На Ланне теперь был просторный пурпурный халат, подчеркивавший изумительную бледность ее лица цвета слоновой кости. Черные кудри она убрала в пышный греческий узел на затылке, скрепленный узеньким блестящим ободком. Запахнув халат, Ланна медленно двинулась к Эрнсту, задумчиво улыбаясь.
Для Эрнста время и место давно исчезли — где-то далеко-далеко кипела шумная жизнь. Там одни мечты и обман, а действительность только здесь — эти мягкие подушки и пуфы, эта освещенная матовым светом комната и эта сказочная красавица перед ним с такой странной улыбкой. Такой странной…
— Малыш мой, — тихо, маняще.
— Ланна… Несравненная… Любовь моя…
— Малыш, — еще тише, словно звук арфы летней ночью.
— Милая моя… Чернокудрая…
— Малыш… Я люблю тебя… — скорее выдохнула, чем прошептала она, слегка склонившись к нему.
— О мой факел и блуждающий огонек! Светящийся прибой моей души, целиком принадлежащей тебе! Я лежу у твоих ног с дрожащим сердцем, с рыдающей от пламенного блаженства душой, о пожар и упоение моей любовной тоски! Под чарами твоих жгучих очей кровь моя поет тебе страстные гимны… Ты… Ты…
Он зарылся лицом в мягкую пурпурную ткань.
Она тихонько запела:
— Любовь свободой мир чарует…
И продолжила вплоть до милых обезоруживающих слов:
— Так берегись любви моей…
Эрнст вскочил, прижал Ланну к себе и принялся целовать — глаза, щеки, лоб, яркие губы, мерцающую белизной шею, жемчужные плечи, — ее голова запрокинулась, и на губах заиграла обольстительная улыбка. Эрнст едва не задохнулся от счастья, глаза ослепила и опьянила светящаяся белизна ее плеч, Ланна протянула к нему свои прекрасные обнаженные руки, со сдавленным стоном обняла его и шепнула:
— Малыш, мой Малыш, душа моего сердца, любимый, золотой мой…
Узел на ее голове распался, и волосы потоком хлынули по его руке. Эрнст прижался к ним лицом и снова принялся целовать Ланну, пока она не пришла в экстаз. Приоткрыв рот и уже не сдерживая странного огня в жаждущих глазах, она тянулась к его губам и, смежив веки, упивалась поцелуями, все более страстными и жгучими, — пока со вздохом не выскользнула из его объятий и не опустилась на шкуру белого медведя, покрывавшую тахту.

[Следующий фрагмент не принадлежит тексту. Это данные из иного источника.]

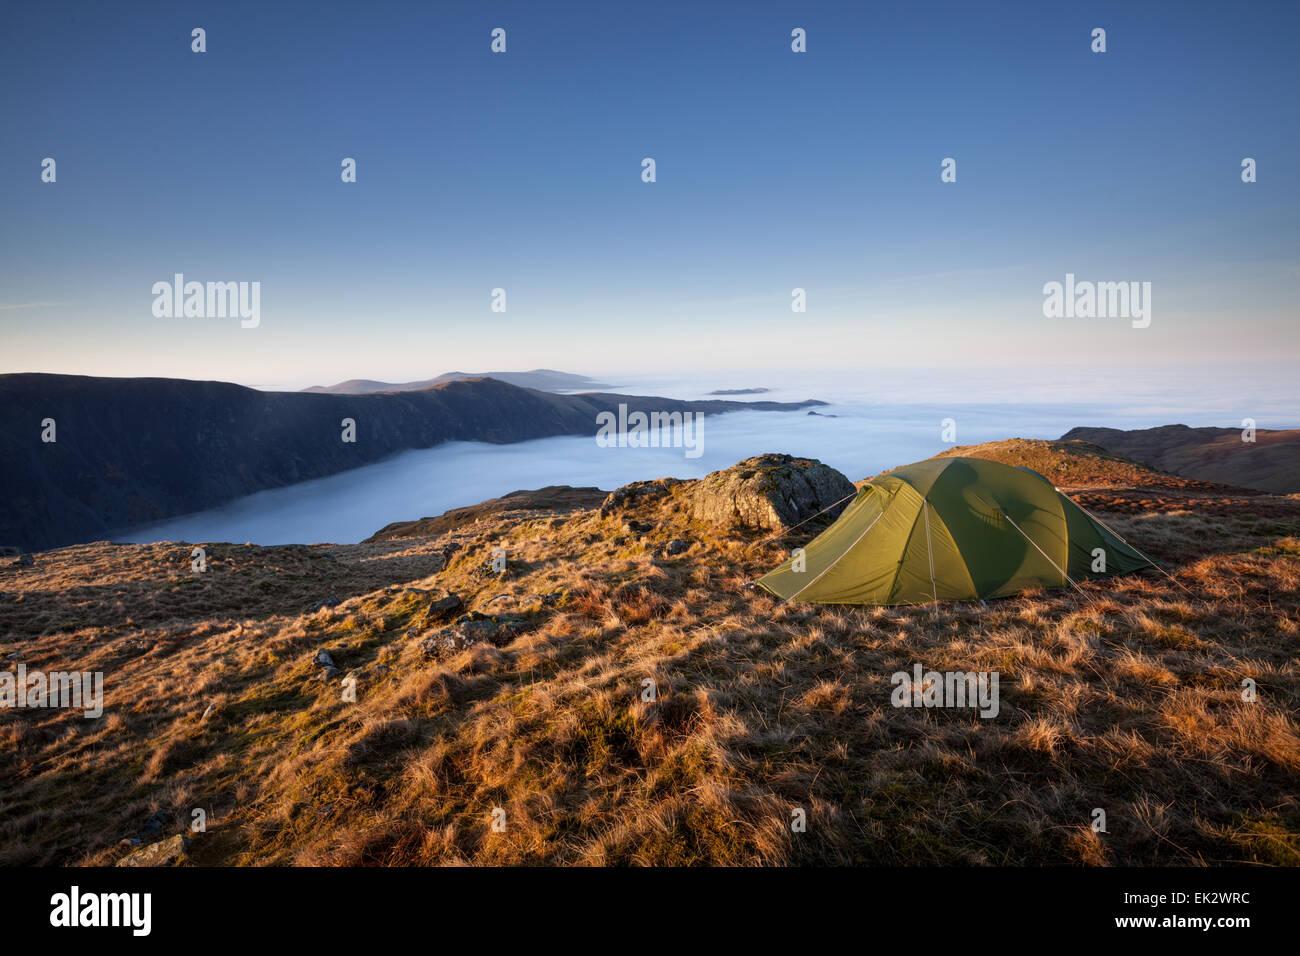 El amanecer y la inversión de la nube sobre el agua residual desde nuestra carpa camping wild pitch en la parte Imagen De Stock

Эрнст весь горел и пылал, его мысли путались, он казался себе одновременно и Богом и королем, бесконечность разбивалась о его тело, небеса разверзались, тысячи факелов освещали путь, миры умещались в ладонях, его взгляд обдал жаром лицо Ланны, словно раскаленная лава Везувия.
Пурпурный халат распахнулся, обнажив мягкие очертания грудей, прятавшихся в белой кипени душистого белья. Стройные ноги в шелковых чулках вынырнули из-под дивных волн кружев, нависавших над округлыми коленями.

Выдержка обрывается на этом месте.